The RPL team is conducting laboratory experiments to evaluate the rates and pathways whereby reduced energy sources are produced by the reaction of water with ultramafic rocks and minerals. Experiments focus on temperatures within the known habitable realm for life, and the data is used to build predictive models of the types of metabolisms that could potentially be supported by low-temperature water/rock interactions. We will then examine whether the low flux of nutrients and energy supplied from water/rock interactions is capable of supporting the kinds of organisms that have been and will be (as part of this work) isolated from serpentinite-hosted ecosystems. Target organisms will be introduced into W/R experiments to provide critical insights into the extent to which substrates produced from water/rock interactions can sustain life and whether biological activity may exert direct controls on the resulting reaction pathways, rates, products and potential biosignatures that may result. A second primary objective of the experimental research plan is to gain a more comprehensive understanding of how these electron donors (H2, CH4, formate, CO) are produced during peridotite-water interactions, and how the rate of production of these compounds is affected by environmental conditions such as reaction temperature, rock and water composition, alteration history, and water/rock ratio.

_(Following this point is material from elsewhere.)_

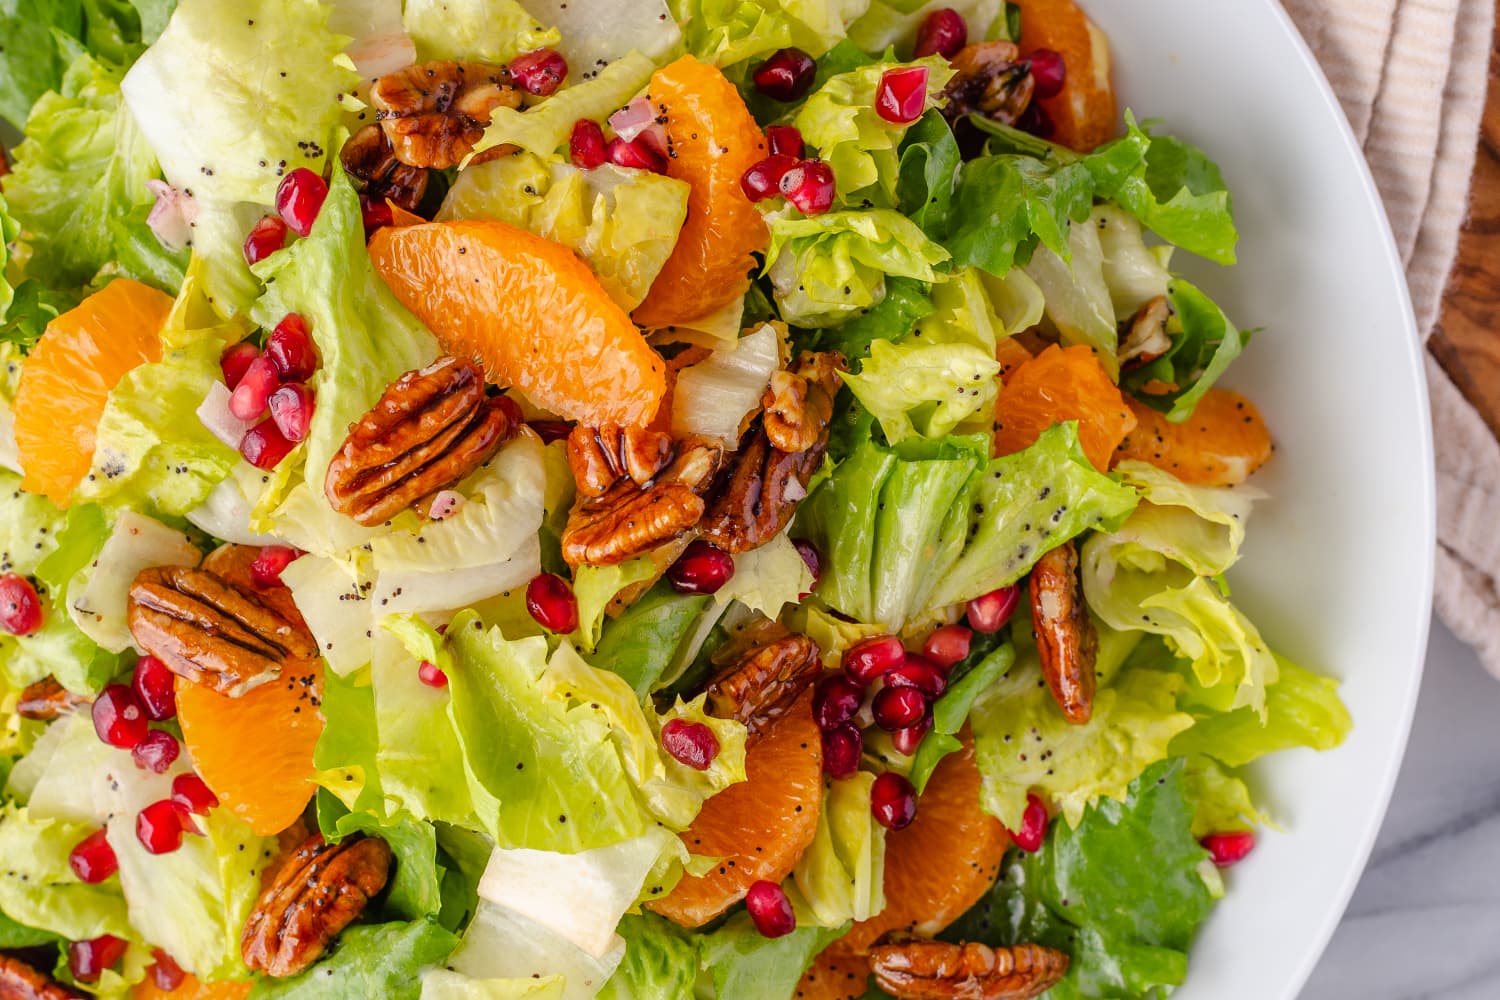 Salad cam quýt là một món ăn siêu tươi và lễ hội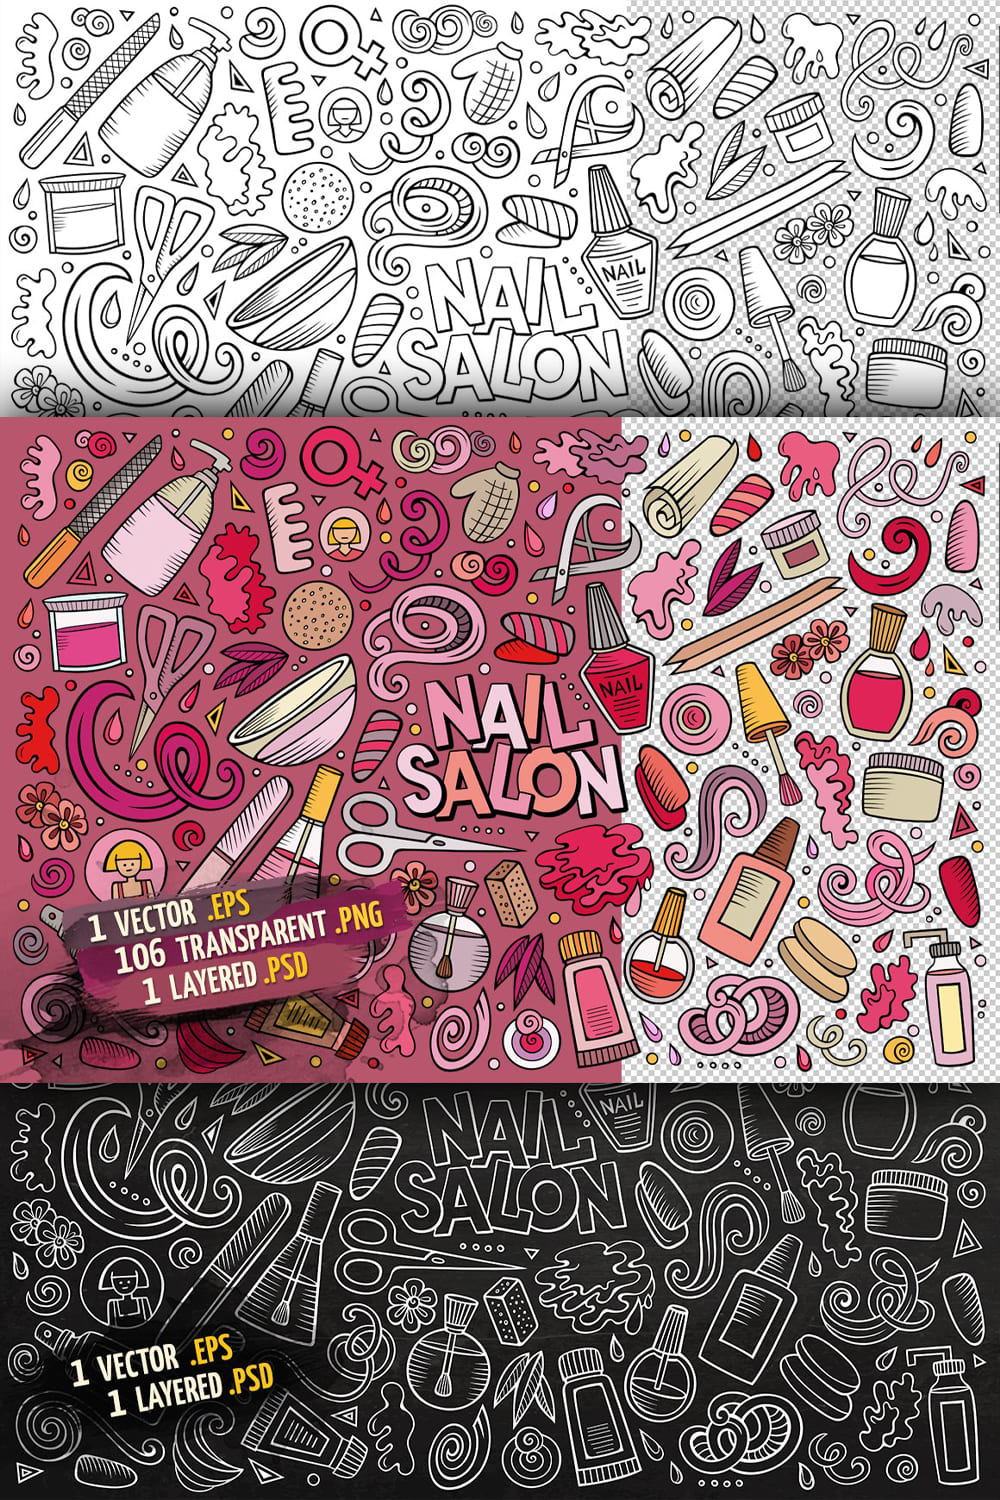 Nail Salon Objects Set Pinterest 1000 1500 1.

Task 1. Generation of Electron Donors During Water/Rock Interactions
- Abiotic Mineral Hydration Experiments.
- Mechanistic tests of Fe(II)-driven interfacial electron-transfer
- Tracking the origin and fate of hydrocarbons and organic acids.
Task 2: Experimental Inputs/Outputs of Habitability Modeling
Task 3: Water/Rock reactions coupled with microbial activity
Task 4: Microbial physiology of populations sustained by water/rock interaction.
- Isolation of Target Organisms
- Continuous flow reactors for use in monitoring biofilm physiology.
- Production of isotopic biomarkers in laboratory cultures.
- Mineralogical, microscopic, and molecular analyses of incubated minerals.